Problem details: Could you print the listing again exactly, omitting the pictures?

Given data:
>>>>

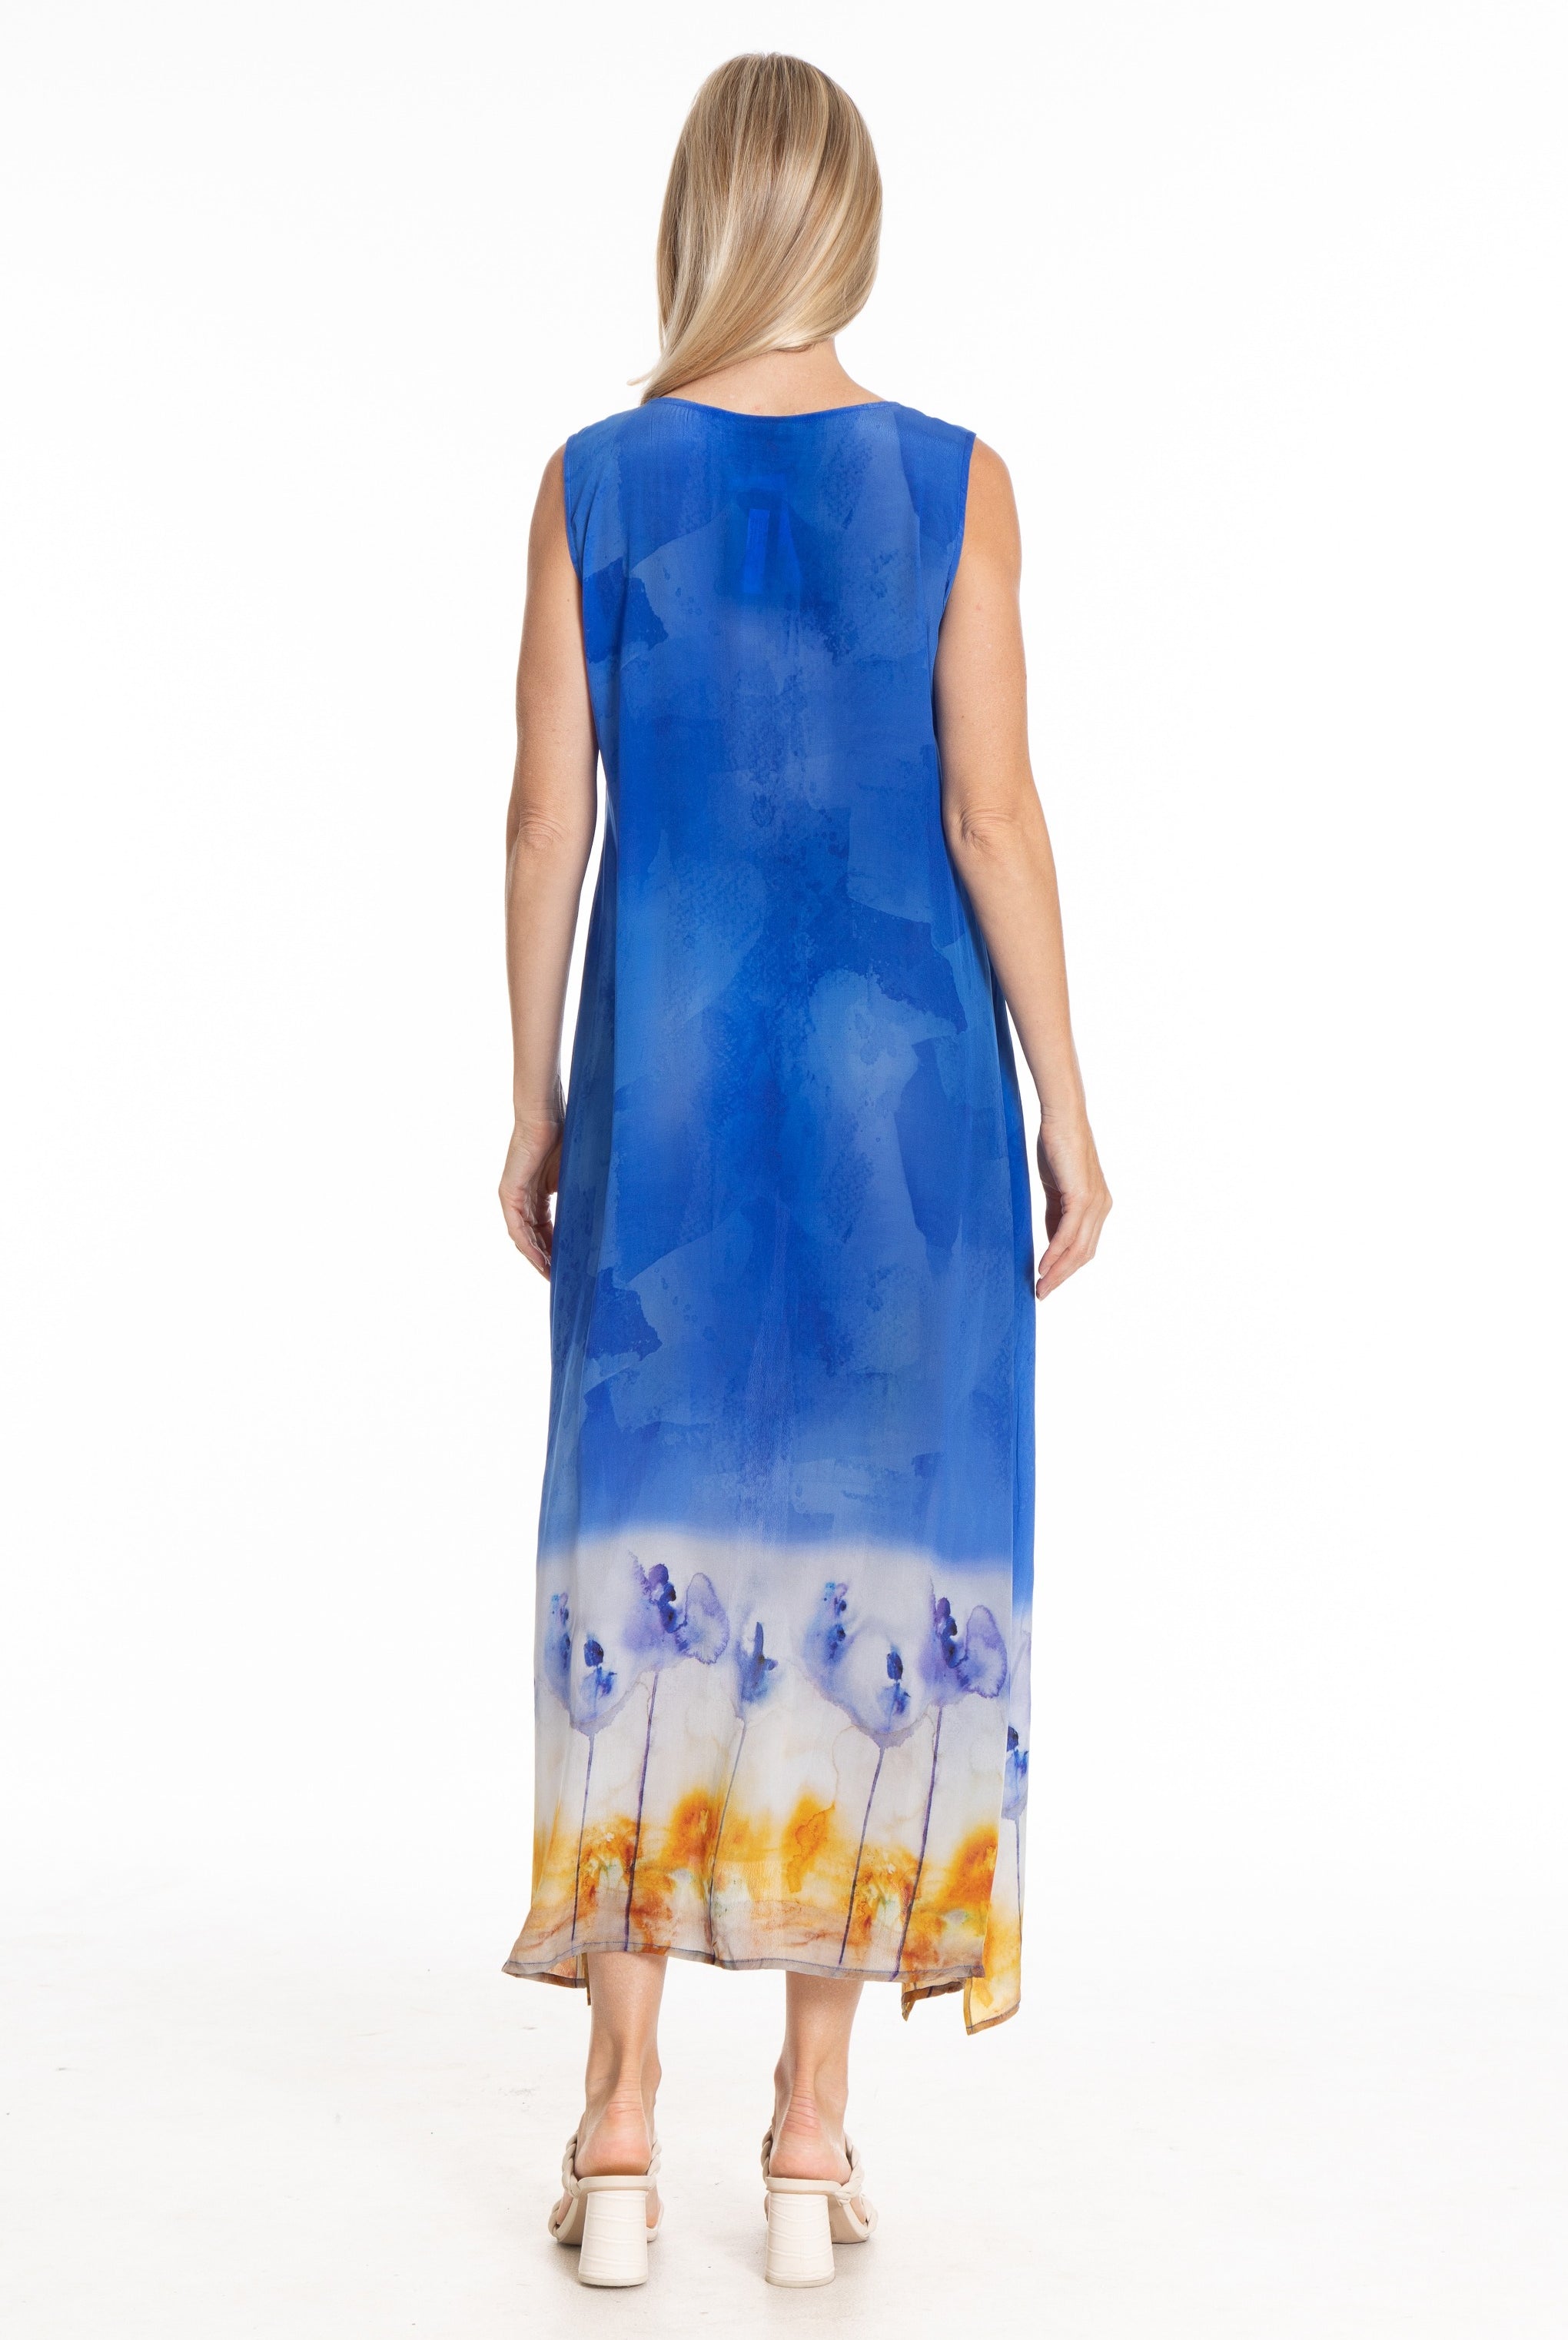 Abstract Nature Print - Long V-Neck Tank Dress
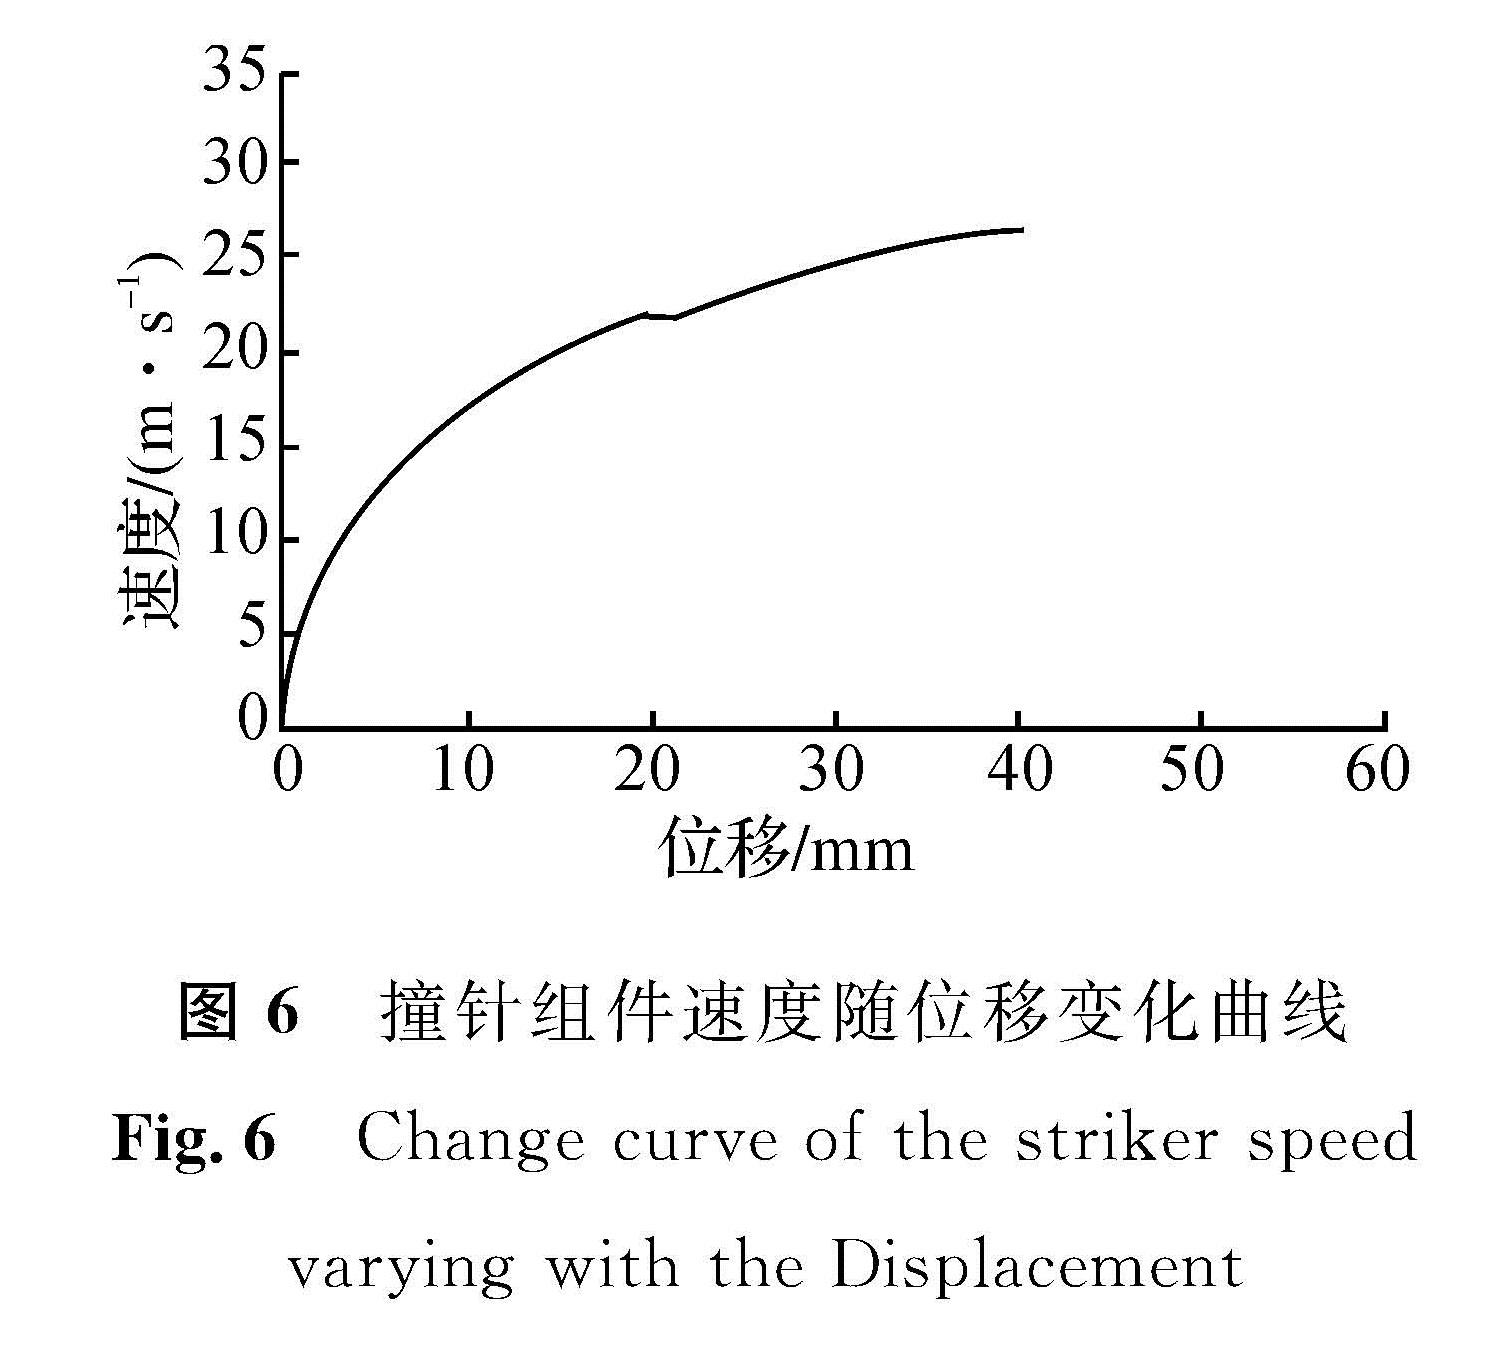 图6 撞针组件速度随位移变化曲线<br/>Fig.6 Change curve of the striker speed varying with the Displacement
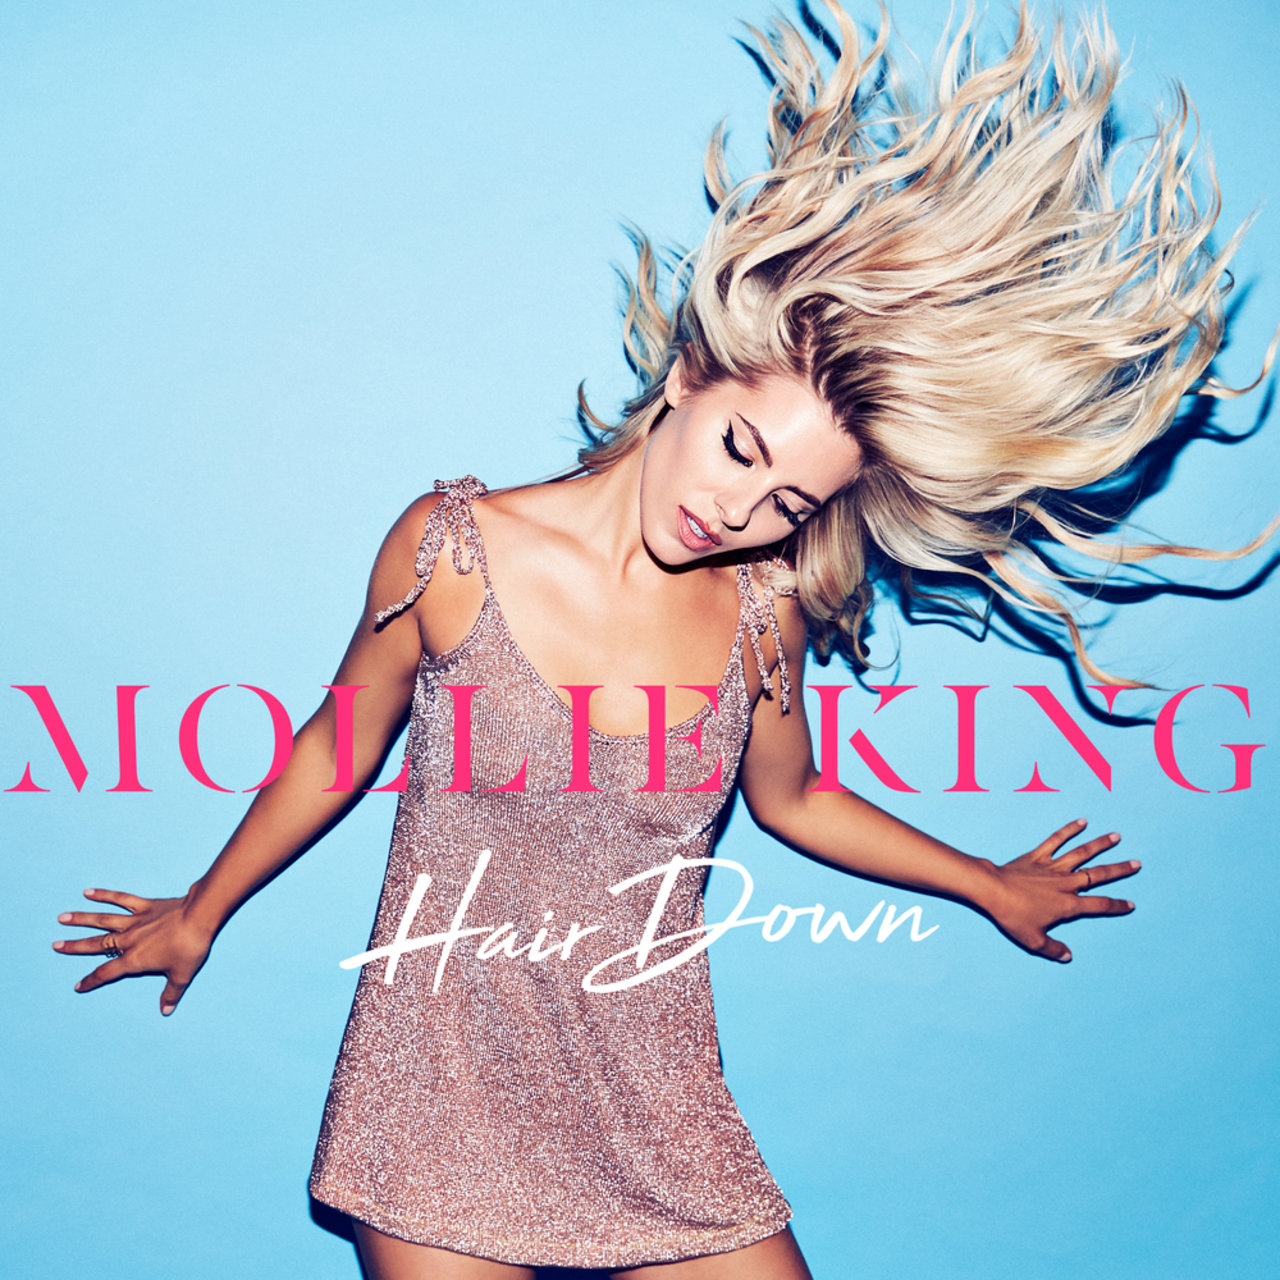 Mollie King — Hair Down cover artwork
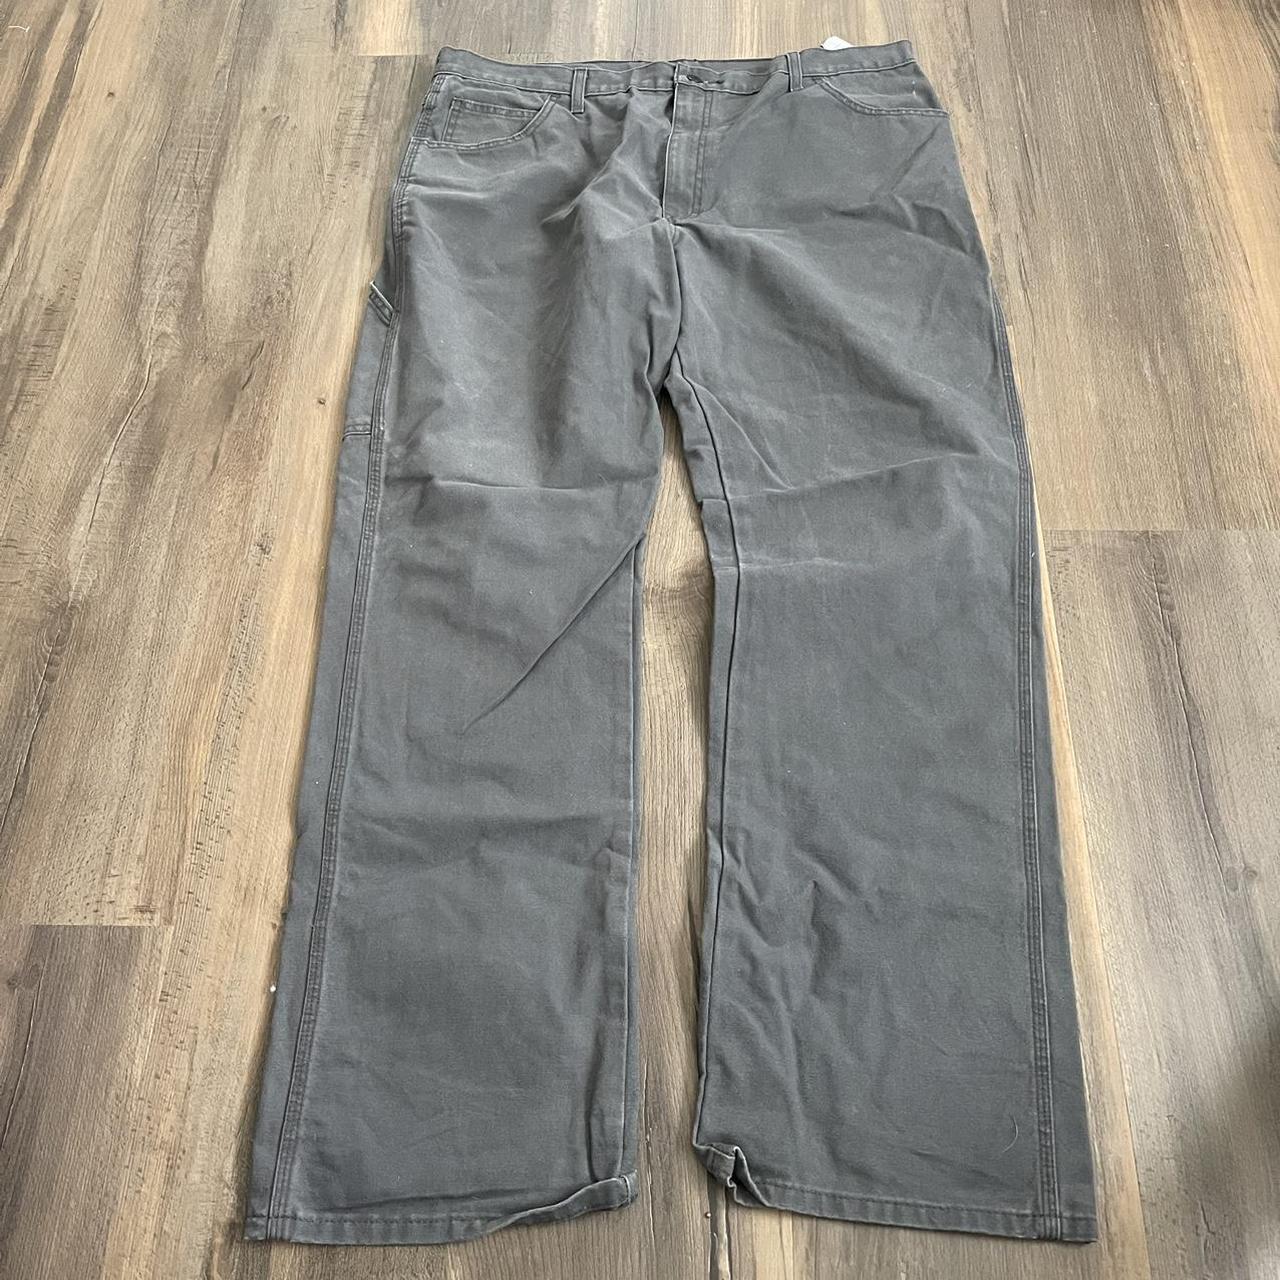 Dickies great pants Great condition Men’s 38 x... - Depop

<<<<

Solution for this task:
 Abstract Nature Print - Long V-Neck Tank Dress
 图6 撞针组件速度随位移变化曲线<br/>Fig.6 Change curve of the striker speed varying with the Displacement
 Mollie King — Hair Down cover artwork
 Dickies great pants Great condition Men’s 38 x... - Depop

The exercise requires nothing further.